UA EN

«Крымская война» Чарльза Диккенса. К 200-летию со дня рождения

09:22 09.03.2012

Фото Роджер Фентон, 1855, Балаклава, Крым. Английский моряк верхом на верблюде

Наталья ИЩЕНКО,
профессор, Cимферополь, специально для BSNews

BlackSeaNews:

В качестве видеоряда к этой статье мы предлагаем вниманию читателей несколько фотографий Роджера Фентона (современника Ч. Диккенса) из его знаменитой серии «Крымская война» (Библиотека Конгресса США, www.loc.gov).

Фентон родился 20 марта 1819 года в Хейвуде (графство Ланкашир). Умер 8 августа 1869. Он был одним из первопроходцев британской фотографии и первым официальным военным фотографом. В 1852 году Фентон представил в Англии свой первые фотографии, сделанные в Киеве, Москве и Санкт-Петербурге. В 1852 году основал и стал первым секретарем Королевского фотографического общества.

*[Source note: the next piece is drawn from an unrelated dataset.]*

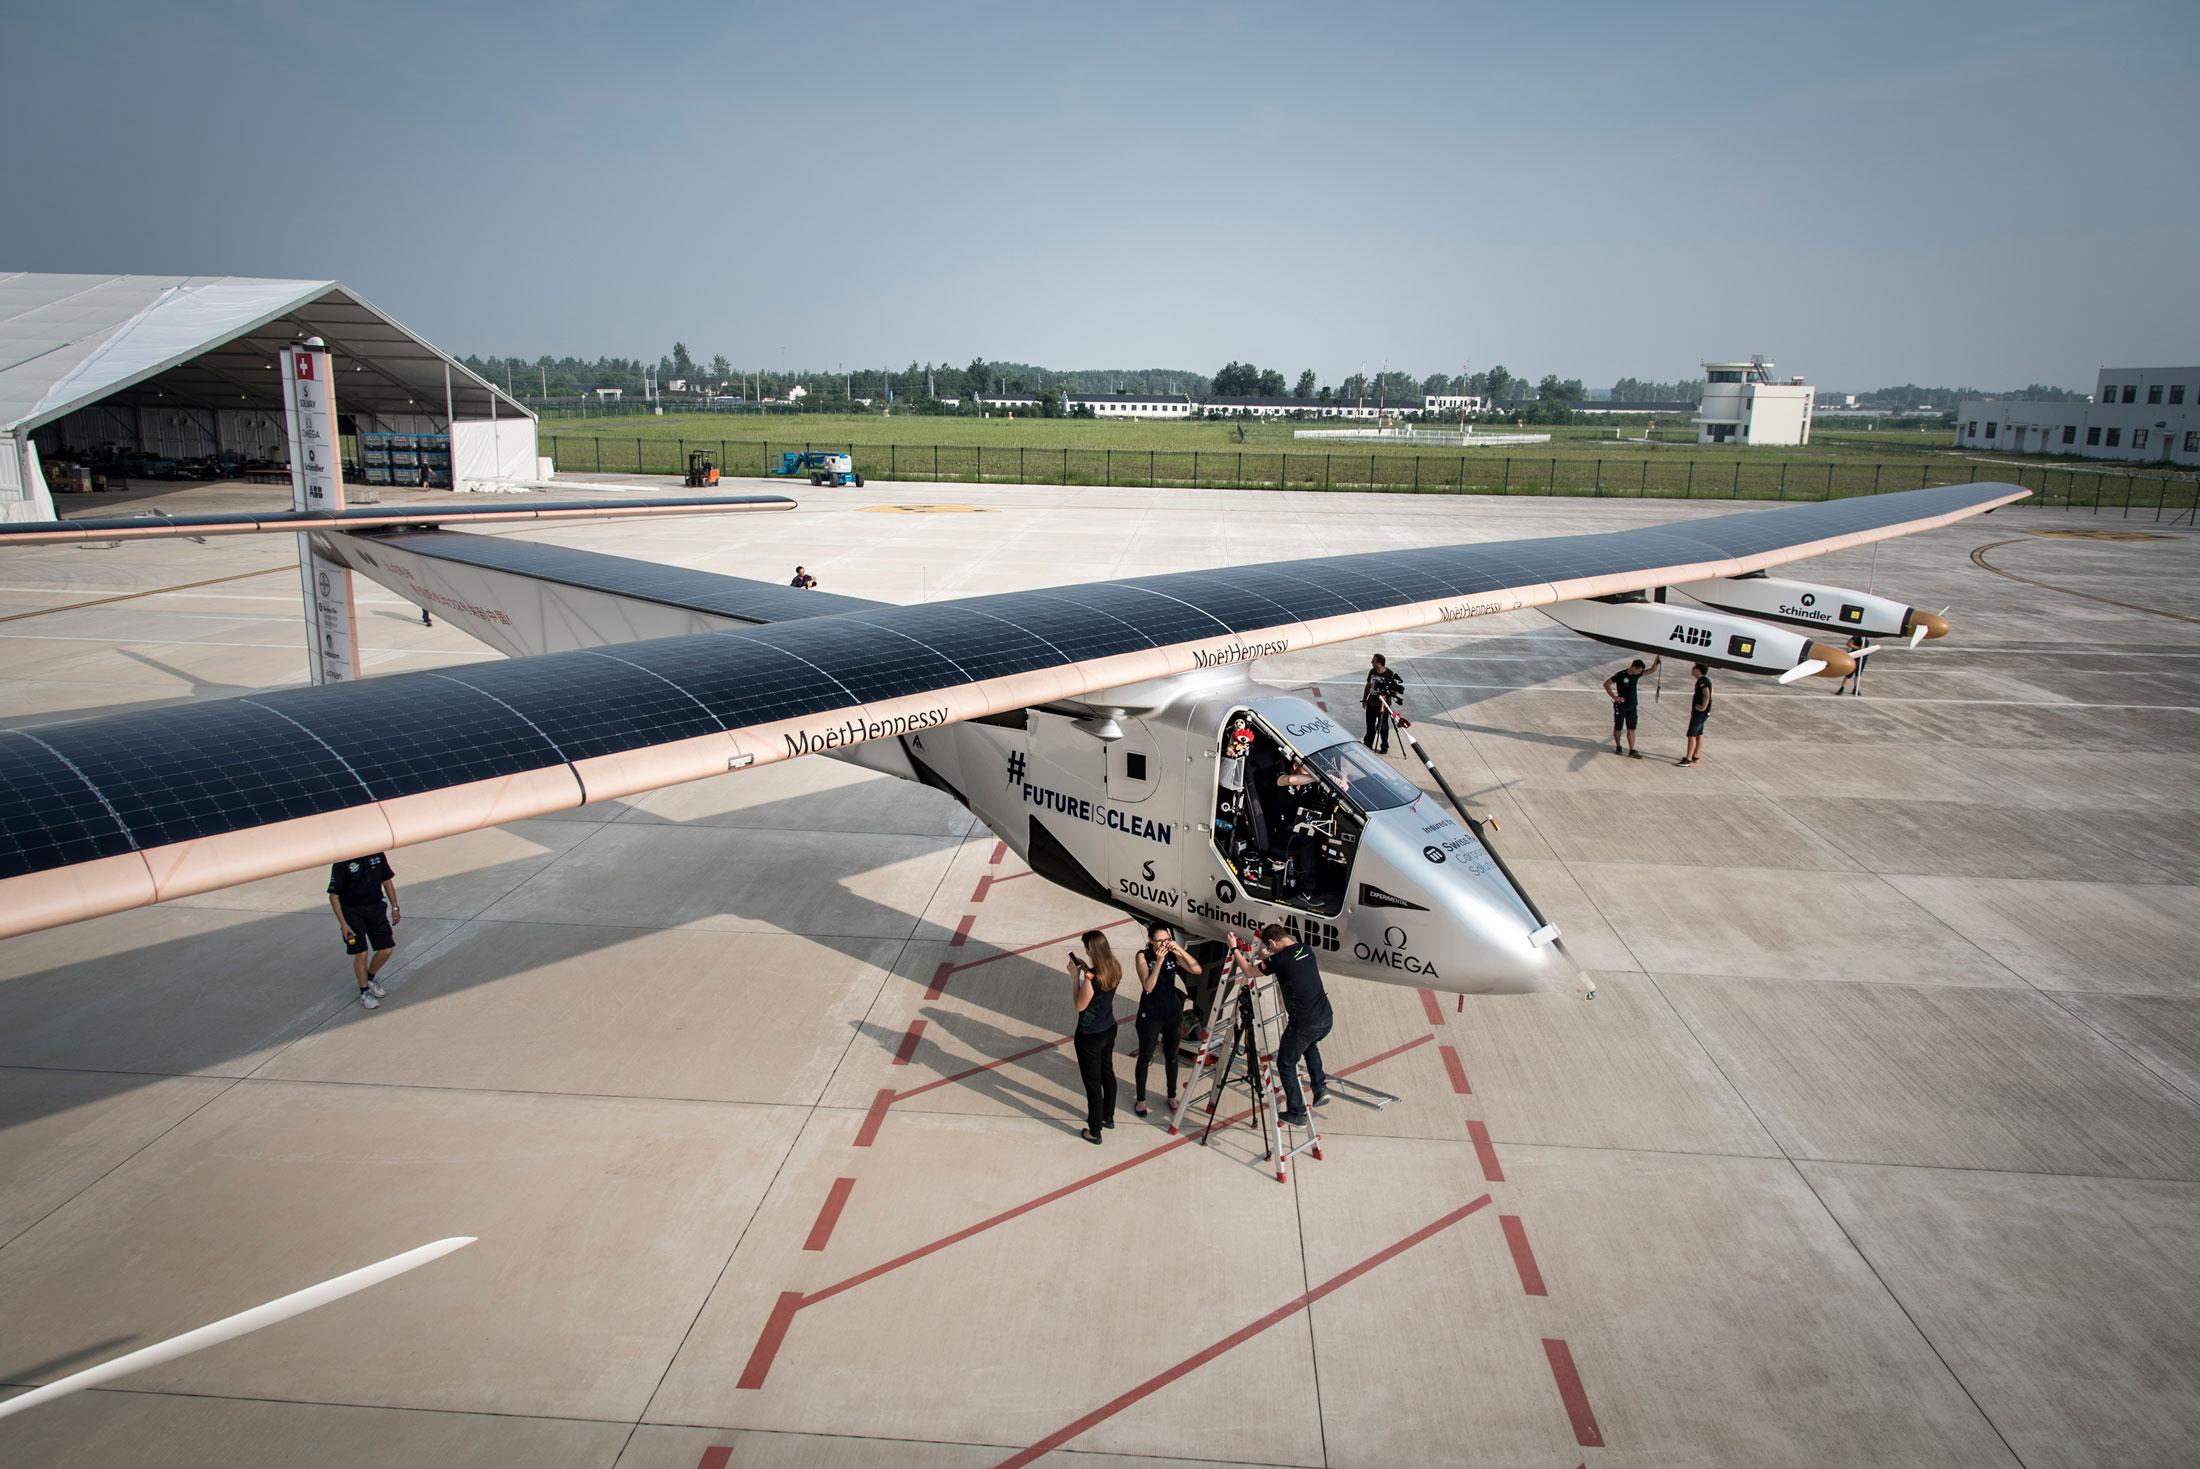 [Jeu] Association d'images - Page 2 Nt_zero_fuel_aircraft_bg
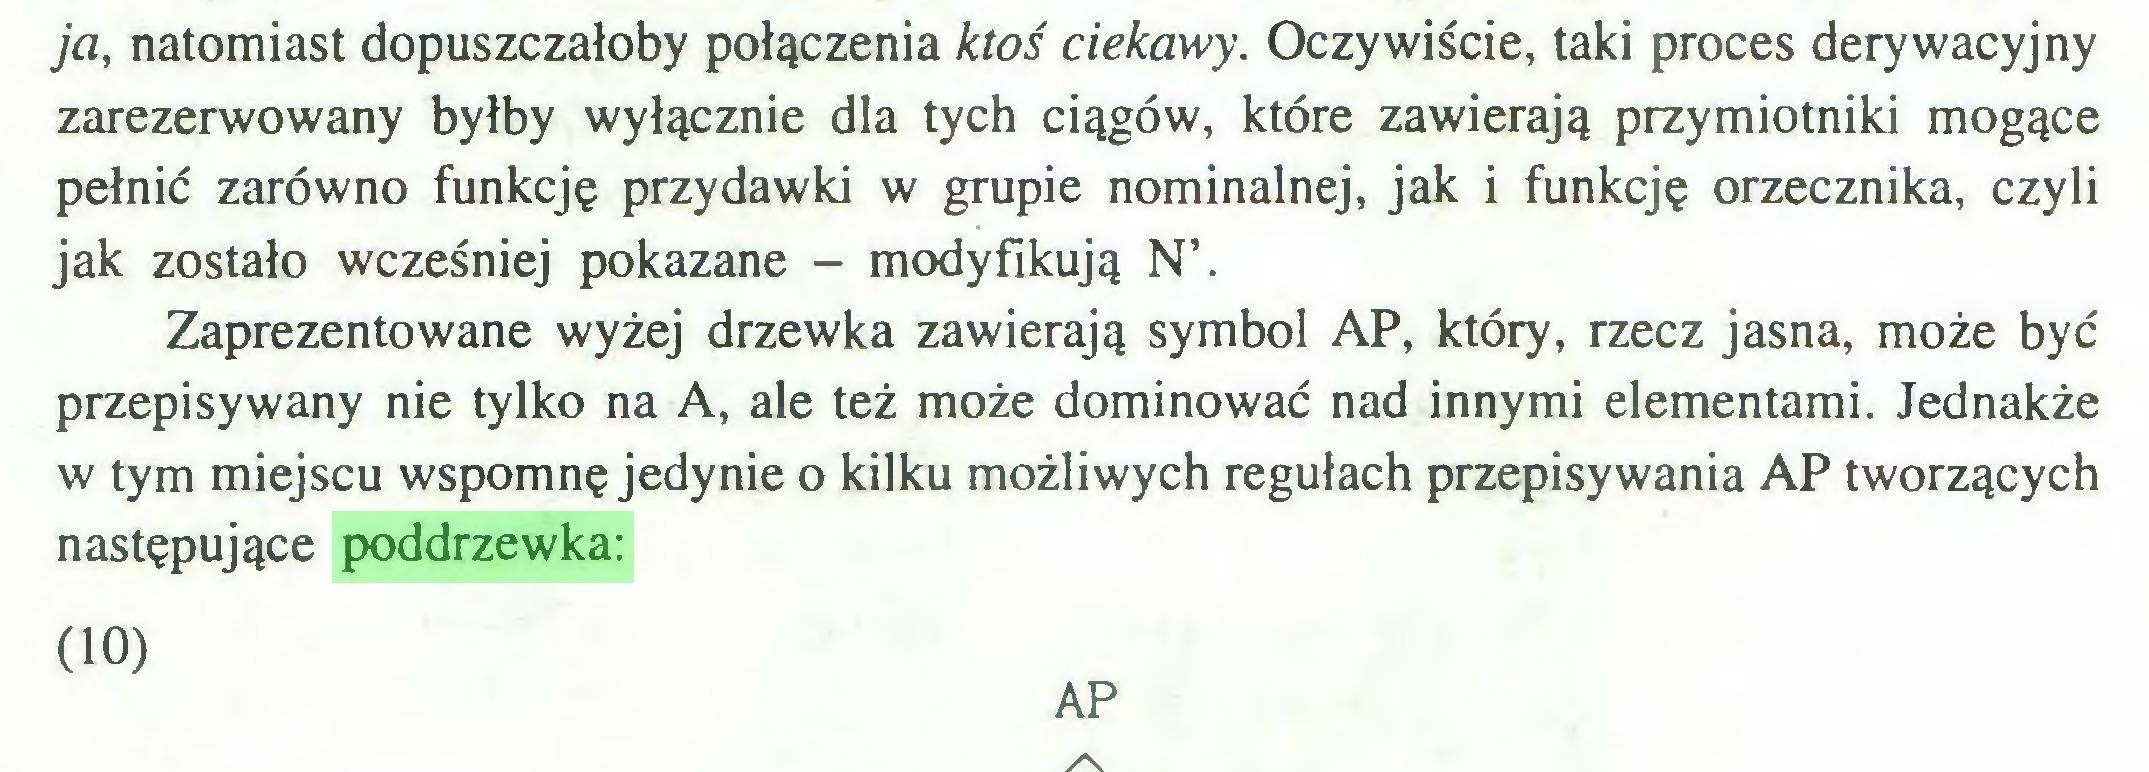 (...) ja, natomiast dopuszczałoby połączenia ktoś ciekawy. Oczywiście, taki proces derywacyjny zarezerwowany byłby wyłącznie dla tych ciągów, które zawierają przymiotniki mogące pełnić zarówno funkcję przydawki w grupie nominalnej, jak i funkcję orzecznika, czyli jak zostało wcześniej pokazane - modyfikują N\ Zaprezentowane wyżej drzewka zawierają symbol AP, który, rzecz jasna, może być przepisywany nie tylko na A, ale też może dominować nad innymi elementami. Jednakże w tym miejscu wspomnę jedynie o kilku możliwych regułach przepisywania AP tworzących następujące poddrzewka: (10) AP...

Фотографии с Крымской войны Роджера Фентона считаются первыми в военной фотожурналистике. Одна из работ этой серии включена в коллекцию «100 фотографий, которые изменили мир».

Нет, знаменитый английский романист Чарльз Диккенс никогда не был в Крыму. Да и, скорее всего, как большинство его соотечественников, до вступления Великобритании в войну с Россией в 1854 году ничего не знал о Крымском полуострове.

Но историческим событием, которое определило окончательное перерождение Диккенса-оптимиста в Диккенса-пессимиста, стала Крымская война 1853-1856 годов.

Хотя ко времени начала войны он уже стал автором романа «Жизнь Дэвида Копперфилда» (1849–1850), финал которого носил столь не характерный для прежнего Диккенса пессимистический оттенок, именно в предвоенный период его пессимизм углубляется, а негативизм в оценках современности подсказывает Диккенсу названия важнейших романов этого периода – «Холодный дом» (1852–1853) и «Тяжелые времена» (1854). Эти два романа, дополненные впоследствии романом «Крошка Доррит» (1855–1856), а также речами и статьями, осуждающими плохое управление военными действиями в Крыму, составили цикл произведений, который можно условно назвать «крымским».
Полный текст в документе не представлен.